EXERCISE DESCRIPTION: In your copy of the data, keep every word exact and include no pictures.

MATERIAL PROVIDED:

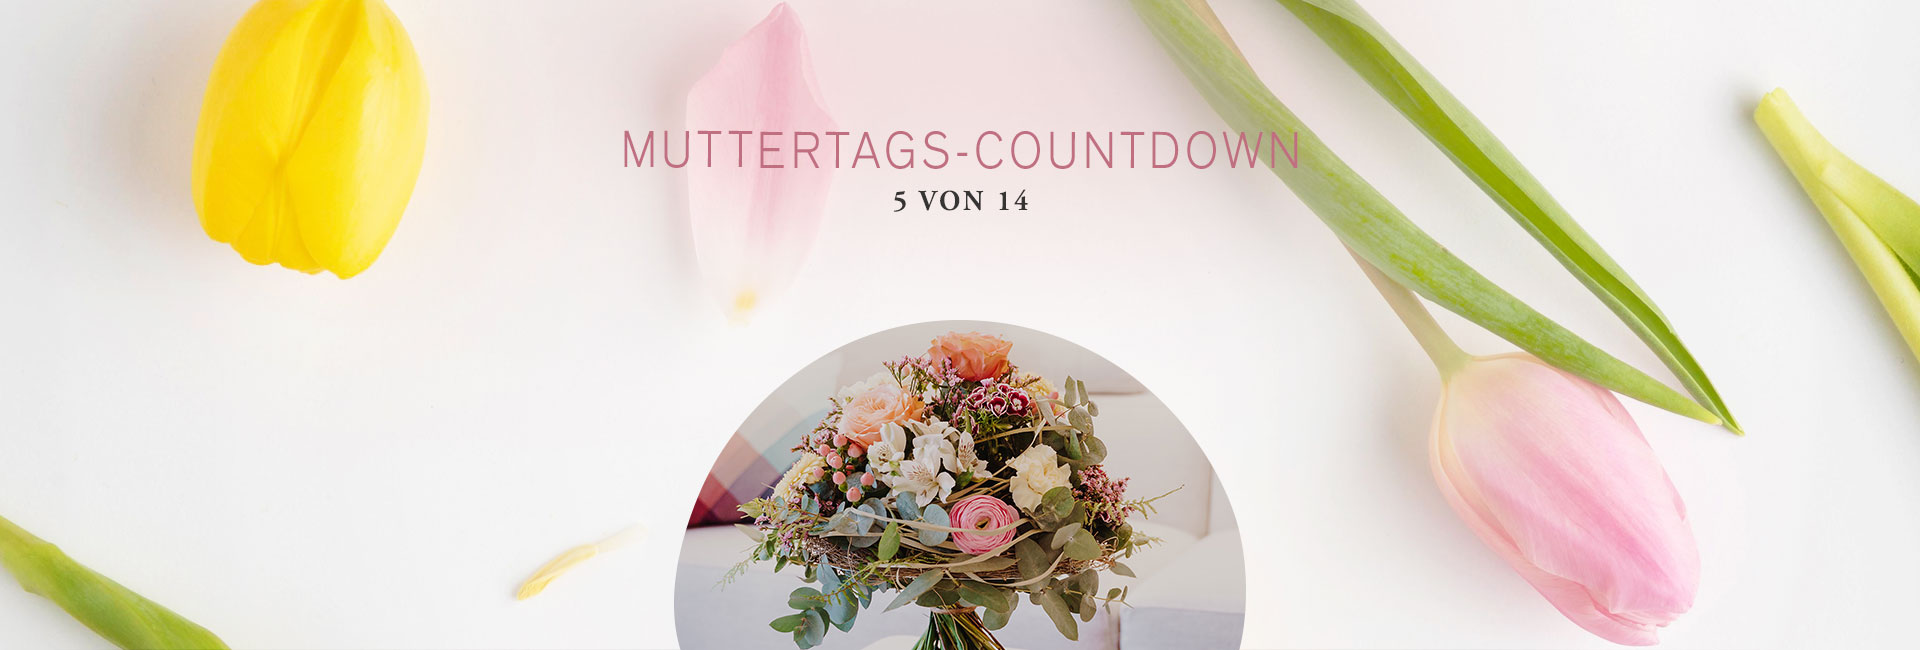 💐 Blumenstrauß von Fleurop Interflora Austria
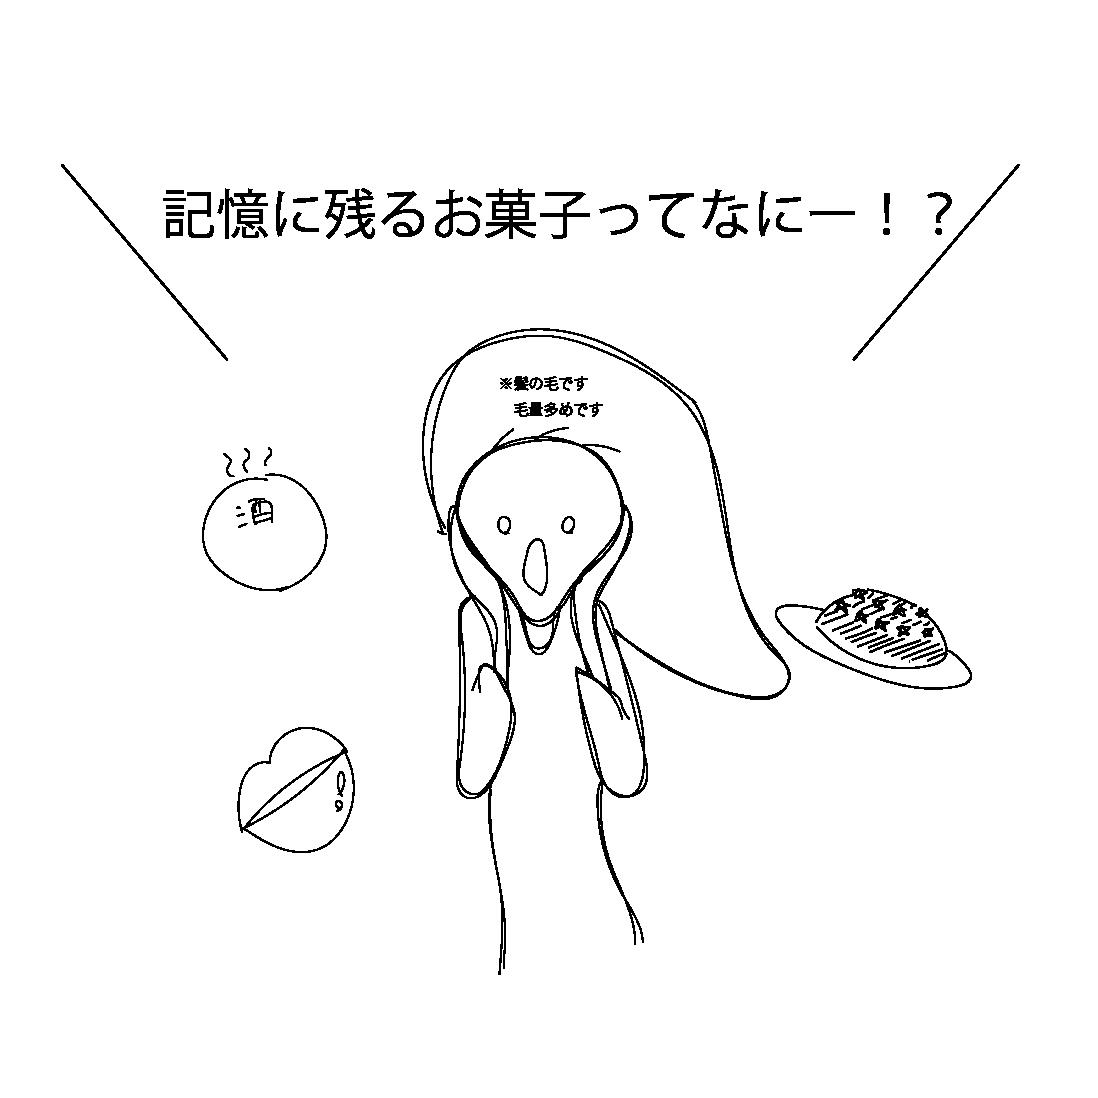 f:id:punimaru624:20210216163849p:plain
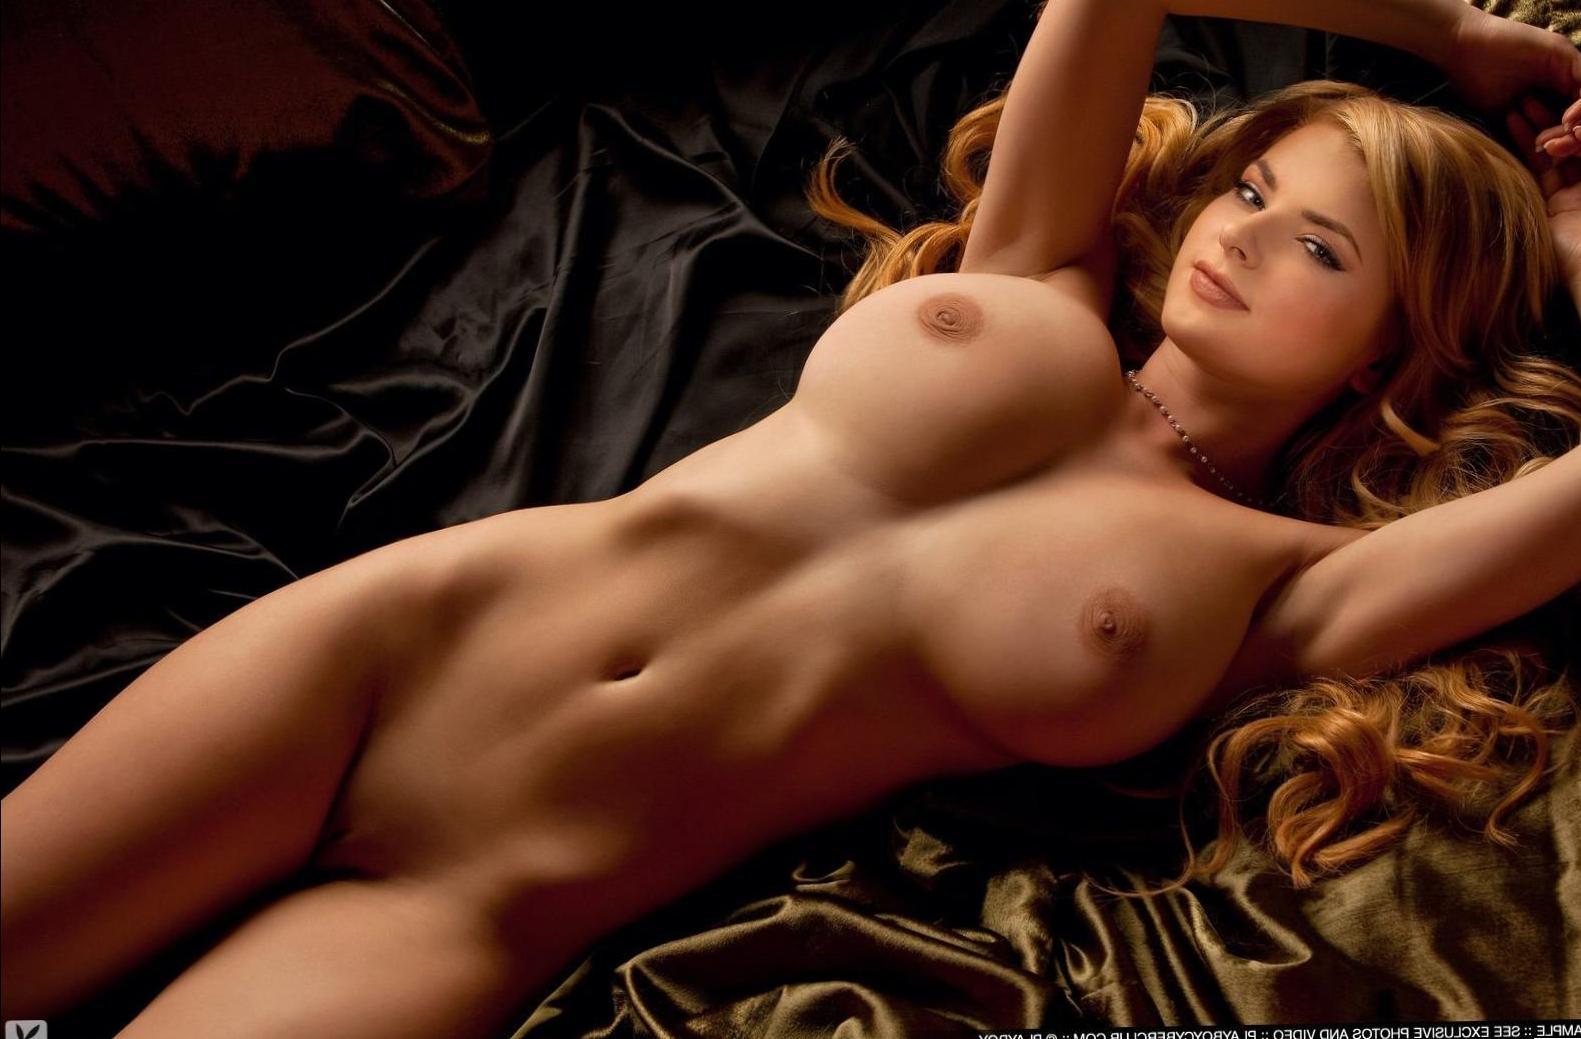 Плейбой фото  Фото эротика  порно и камасутра
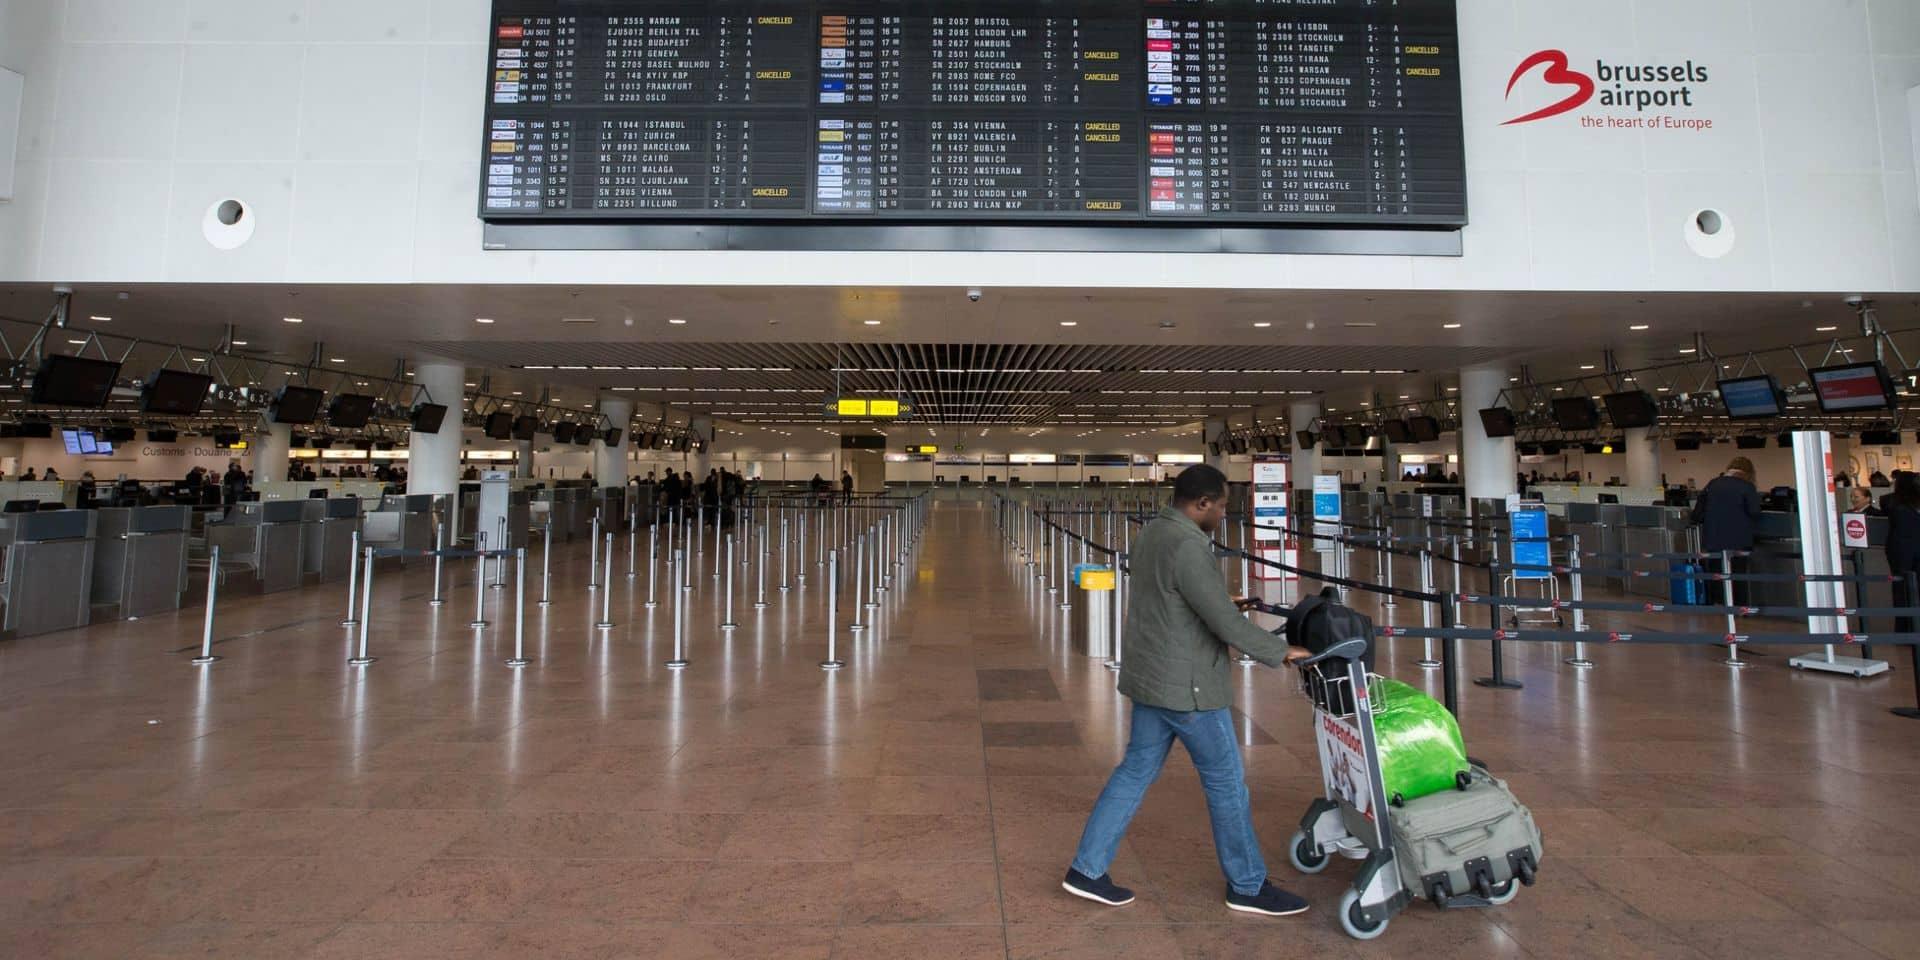 Le trafic aérien s'est écroulé de 70% à Brussels Airport !

RESPONSE:
 💐 Blumenstrauß von Fleurop Interflora Austria
 f:id:punimaru624:20210216163849p:plain
 Плейбой фото  Фото эротика  порно и камасутра
 Le trafic aérien s'est écroulé de 70% à Brussels Airport !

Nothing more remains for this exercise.